INPUT:
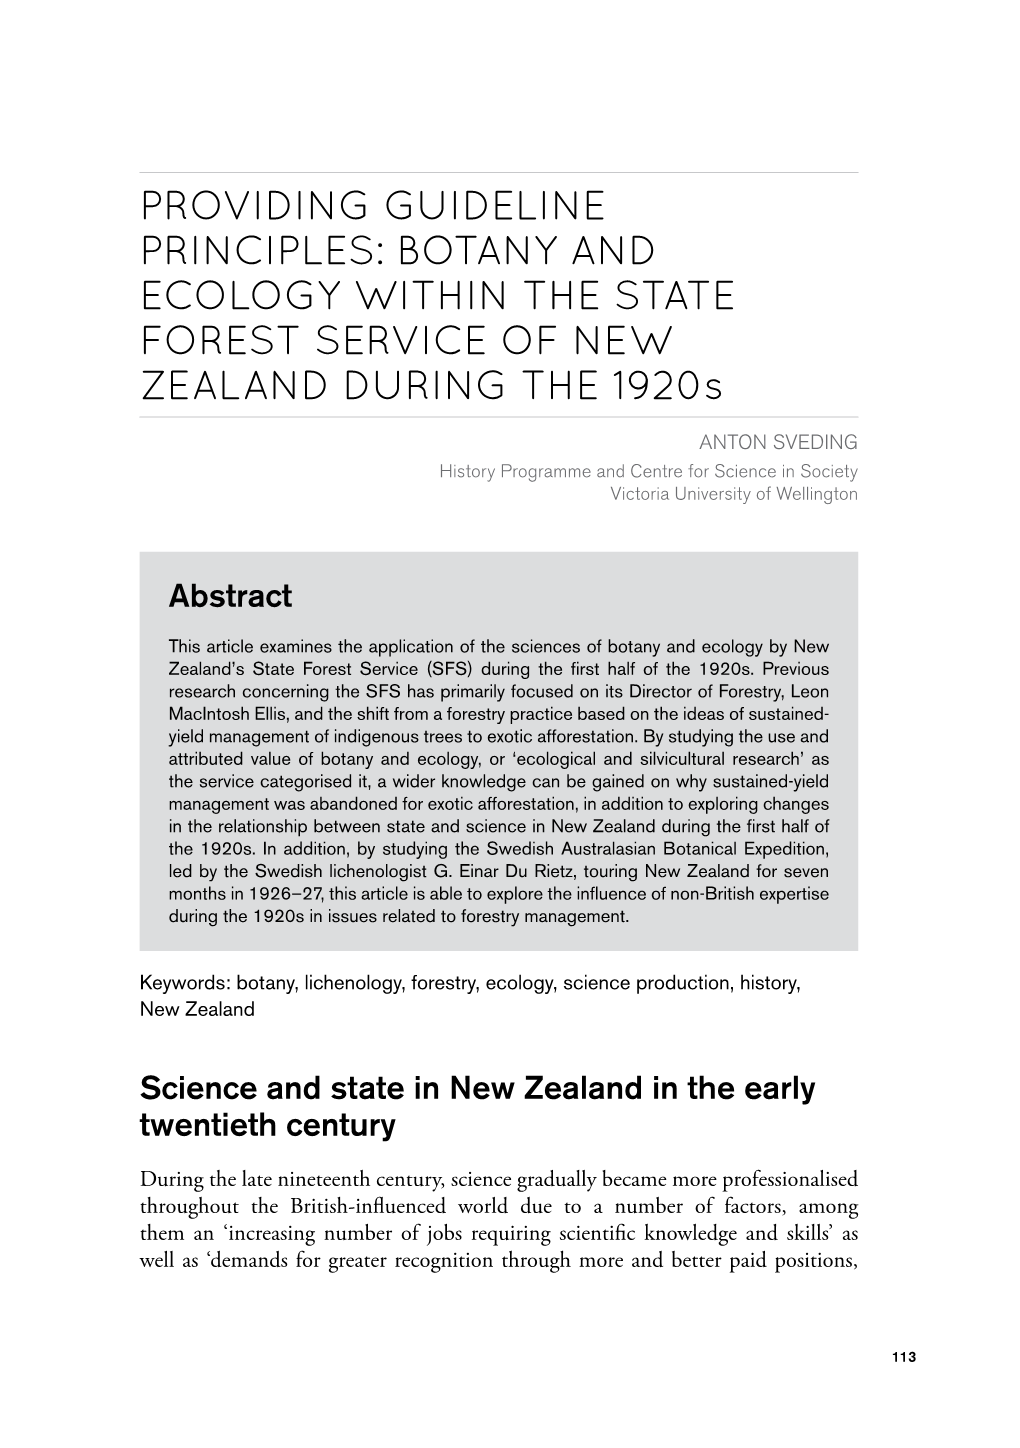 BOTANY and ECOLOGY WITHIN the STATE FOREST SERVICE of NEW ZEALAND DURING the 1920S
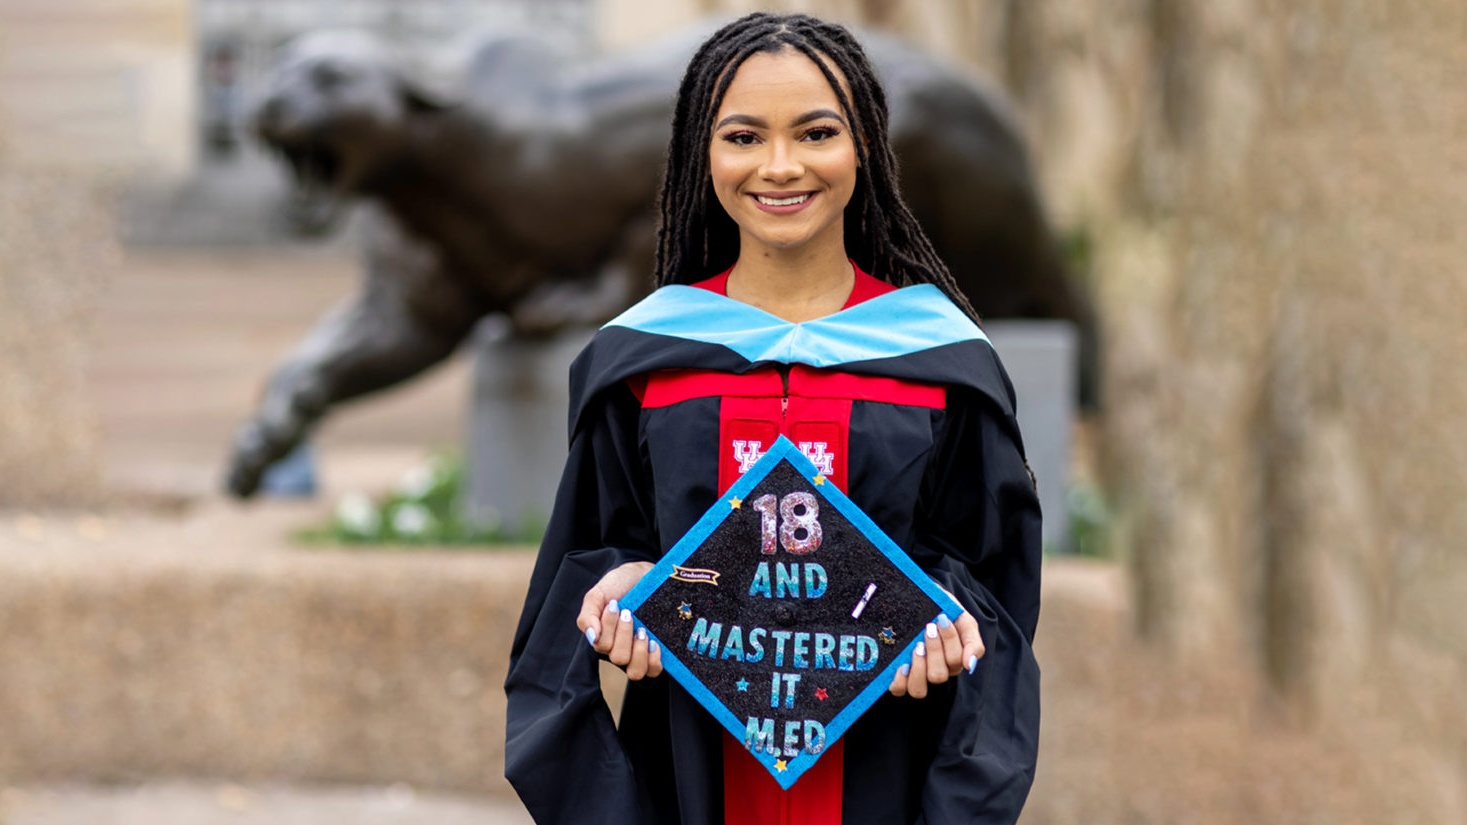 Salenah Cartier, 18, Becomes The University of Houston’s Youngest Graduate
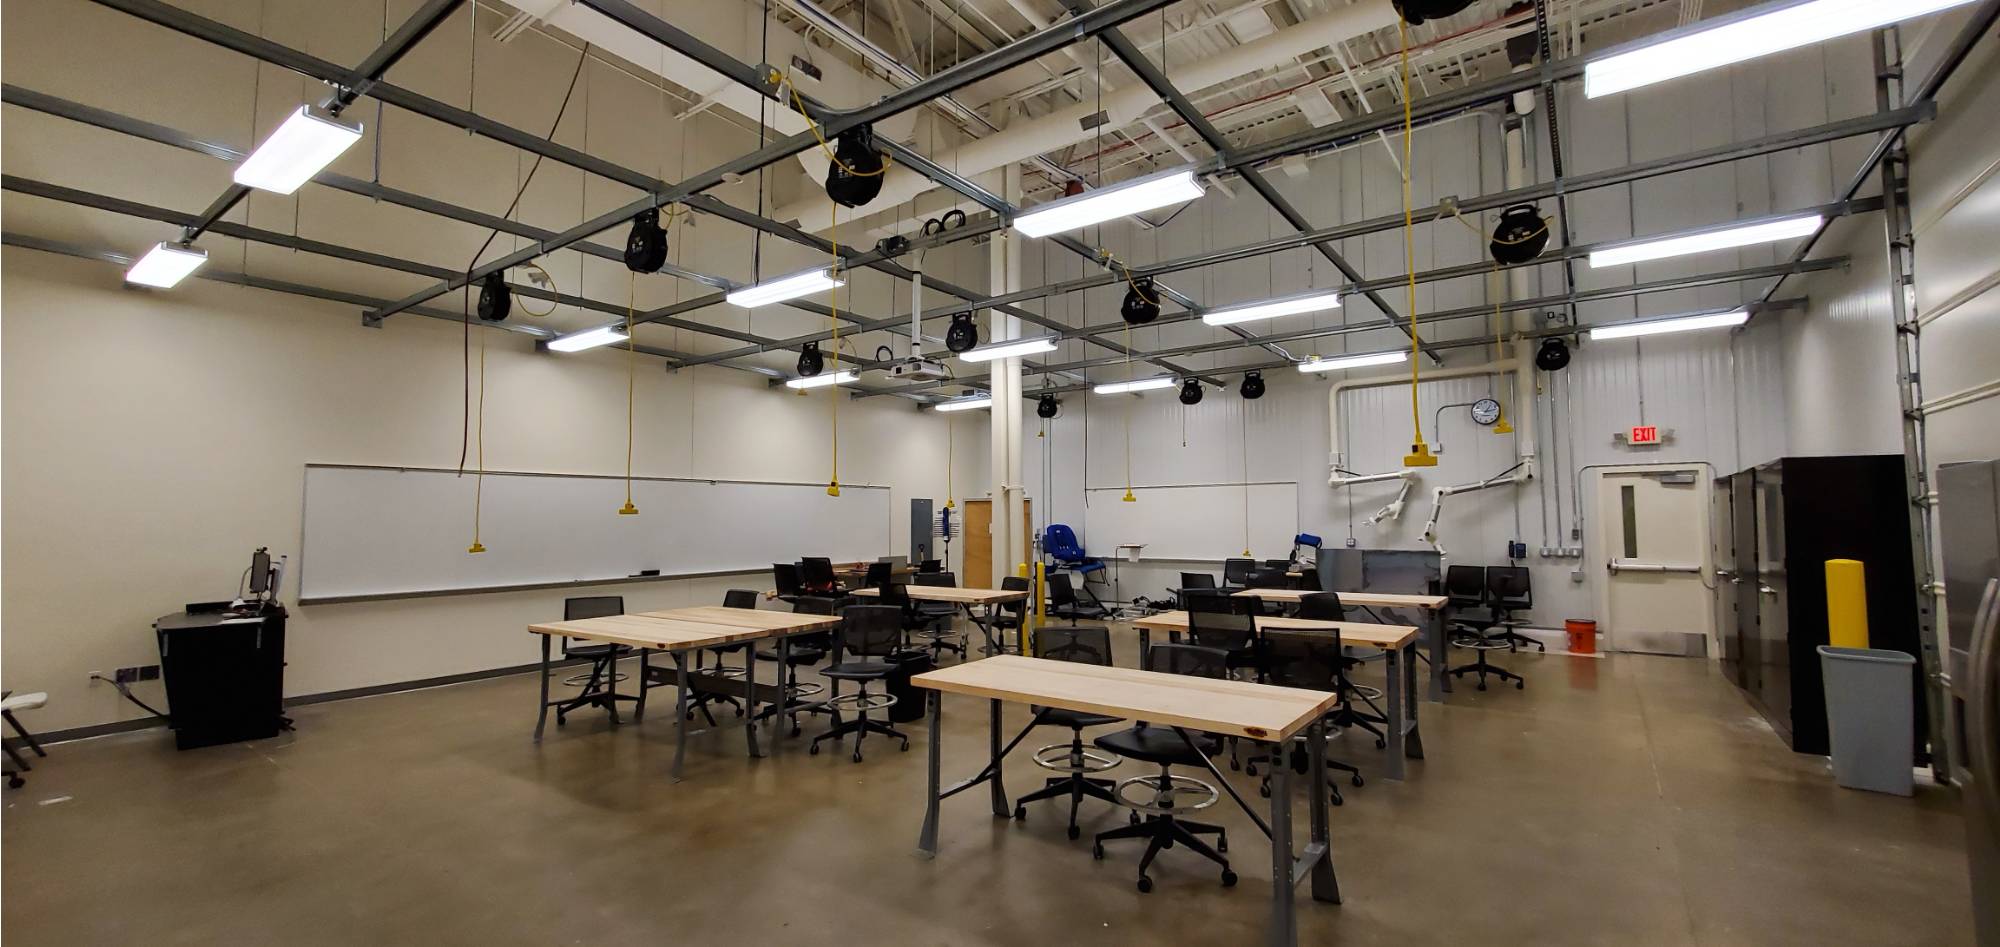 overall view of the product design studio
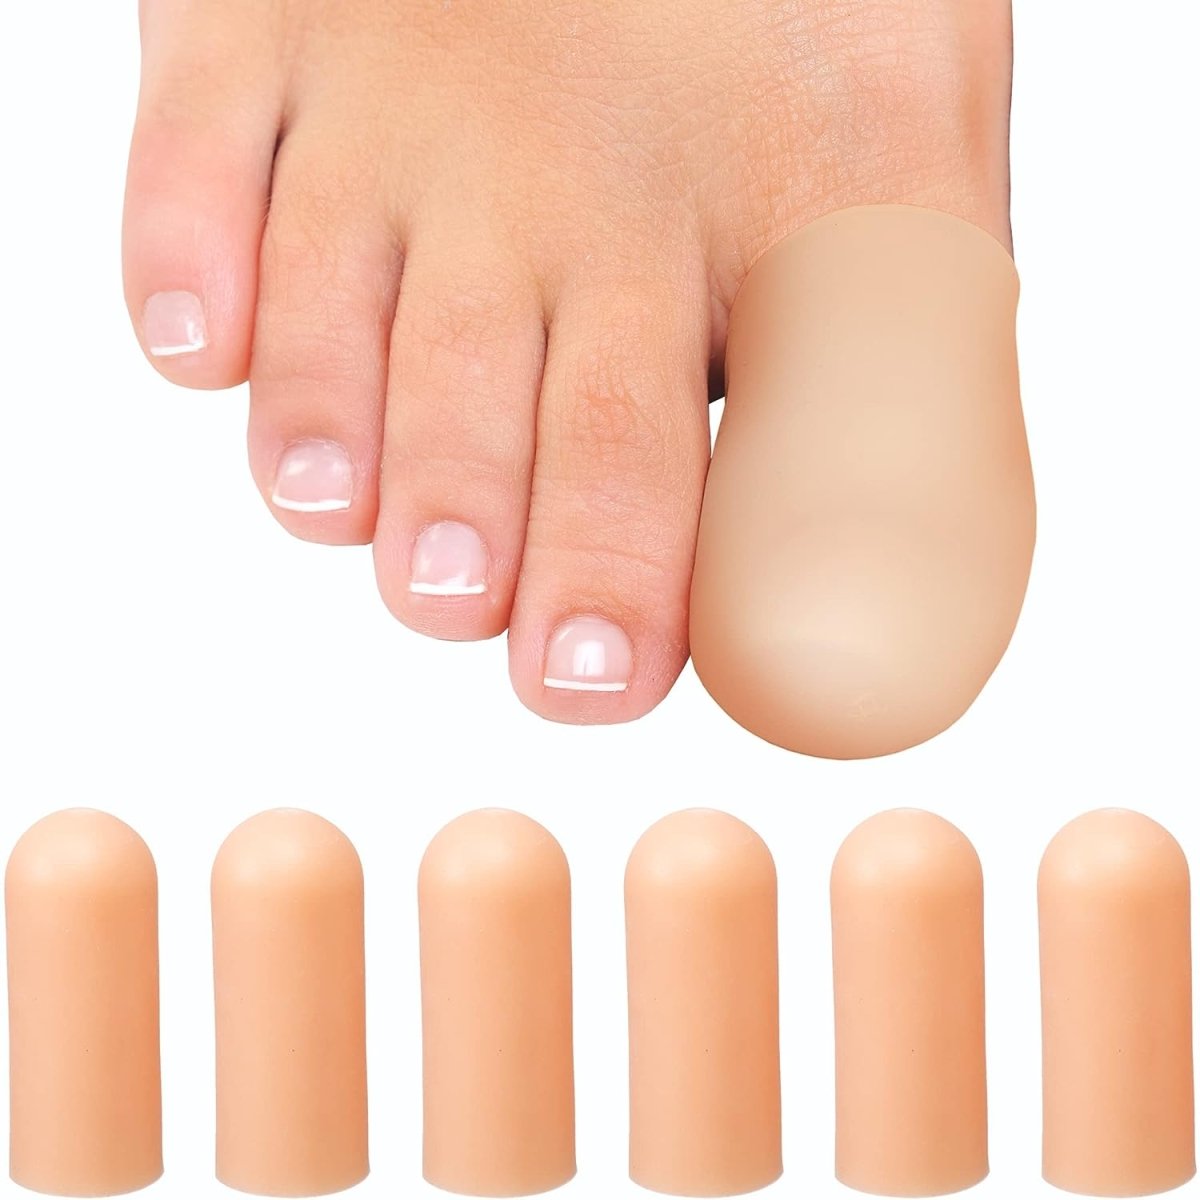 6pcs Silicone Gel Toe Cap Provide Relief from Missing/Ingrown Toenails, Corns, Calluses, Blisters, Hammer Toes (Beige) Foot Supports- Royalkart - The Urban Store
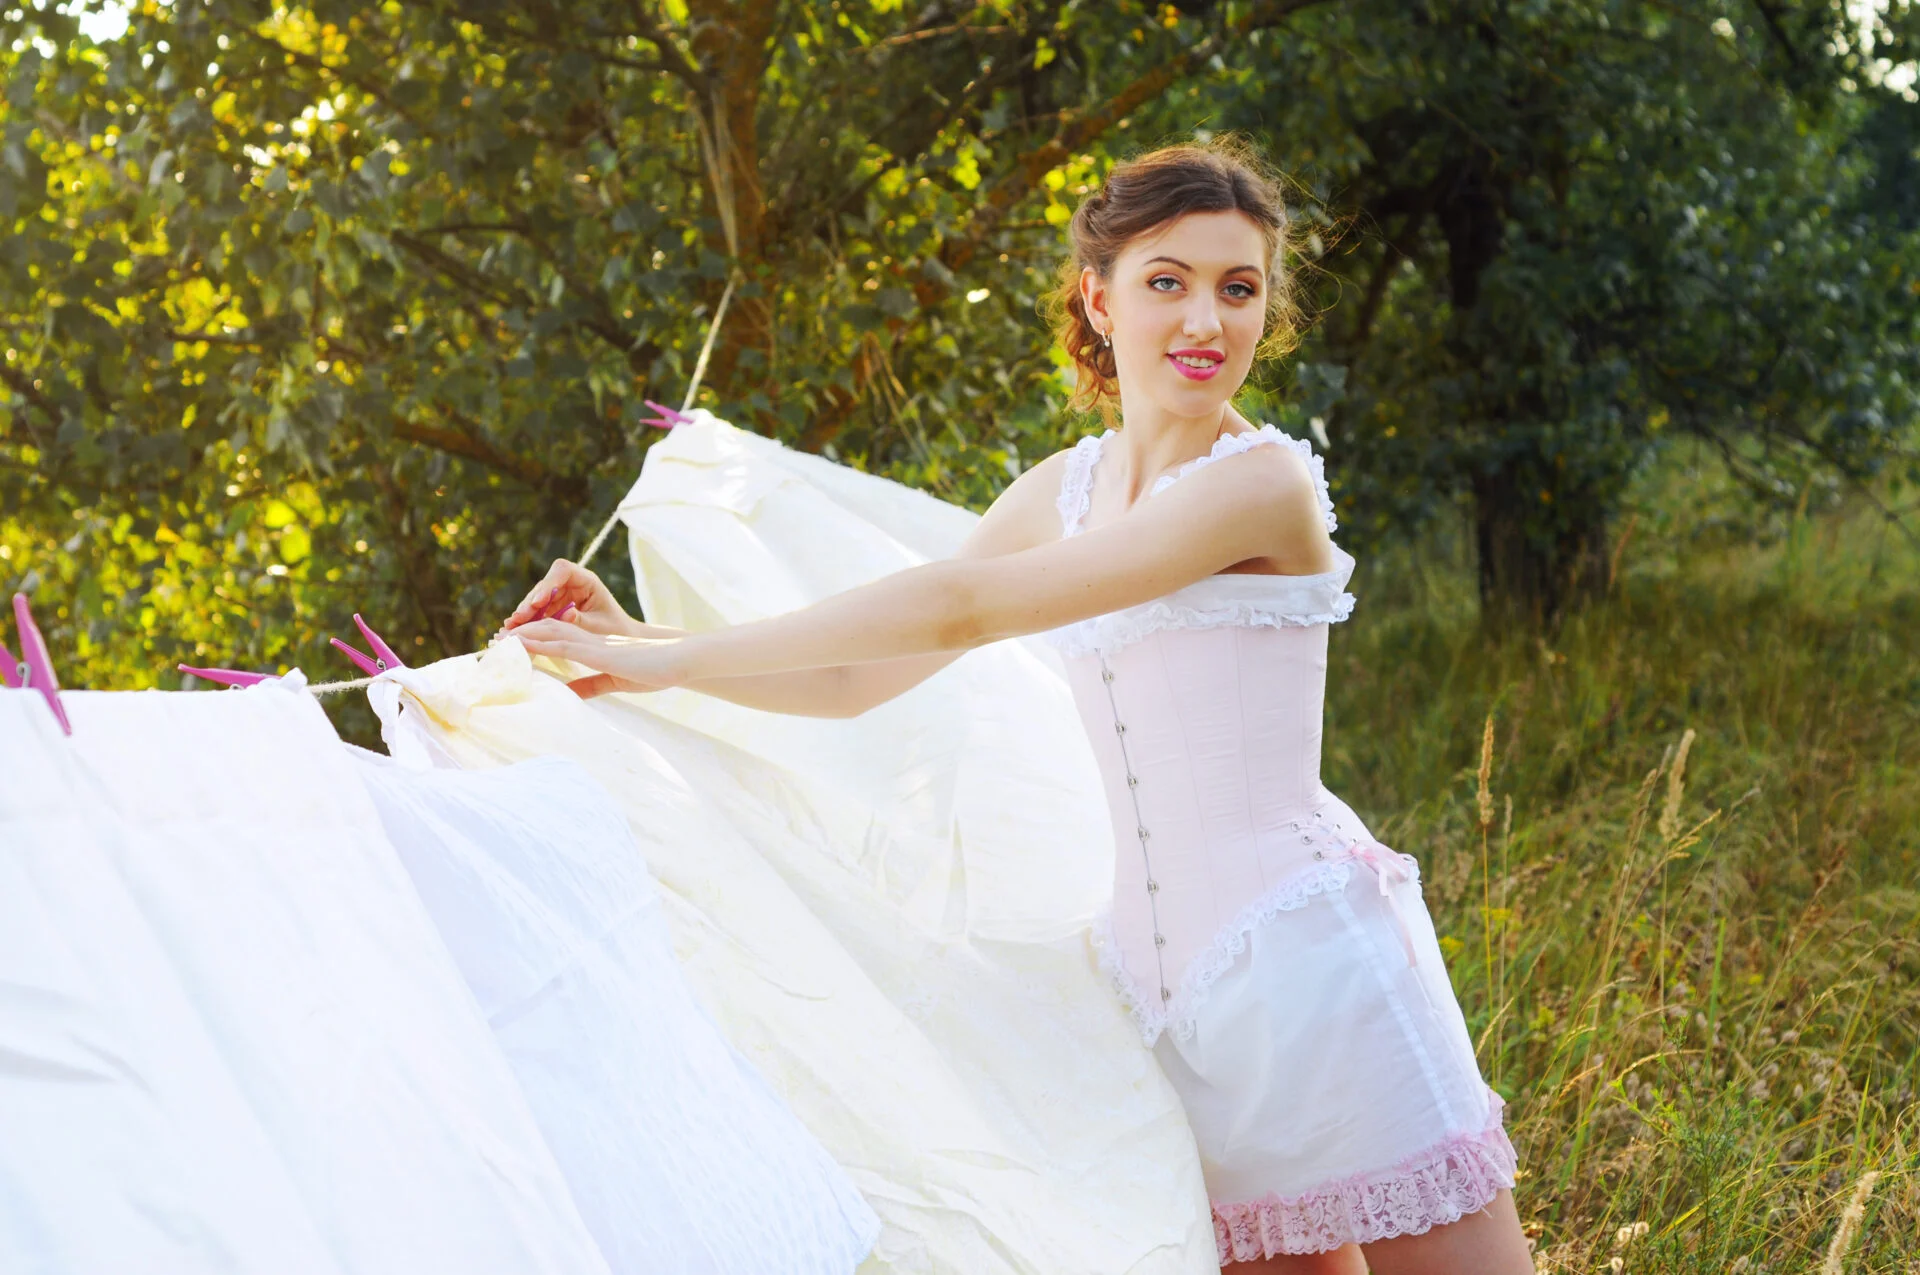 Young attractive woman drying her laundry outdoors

WHAT TO DO: The required output is each line above restated verbatim, with all images omitted.

ANSWER:
 BOTANY and ECOLOGY WITHIN the STATE FOREST SERVICE of NEW ZEALAND DURING the 1920S
 Salenah Cartier, 18, Becomes The University of Houston’s Youngest Graduate
 overall view of the product design studio
 6pcs Silicone Gel Toe Cap Provide Relief from Missing/Ingrown Toenails, Corns, Calluses, Blisters, Hammer Toes (Beige) Foot Supports- Royalkart - The Urban Store
 Young attractive woman drying her laundry outdoors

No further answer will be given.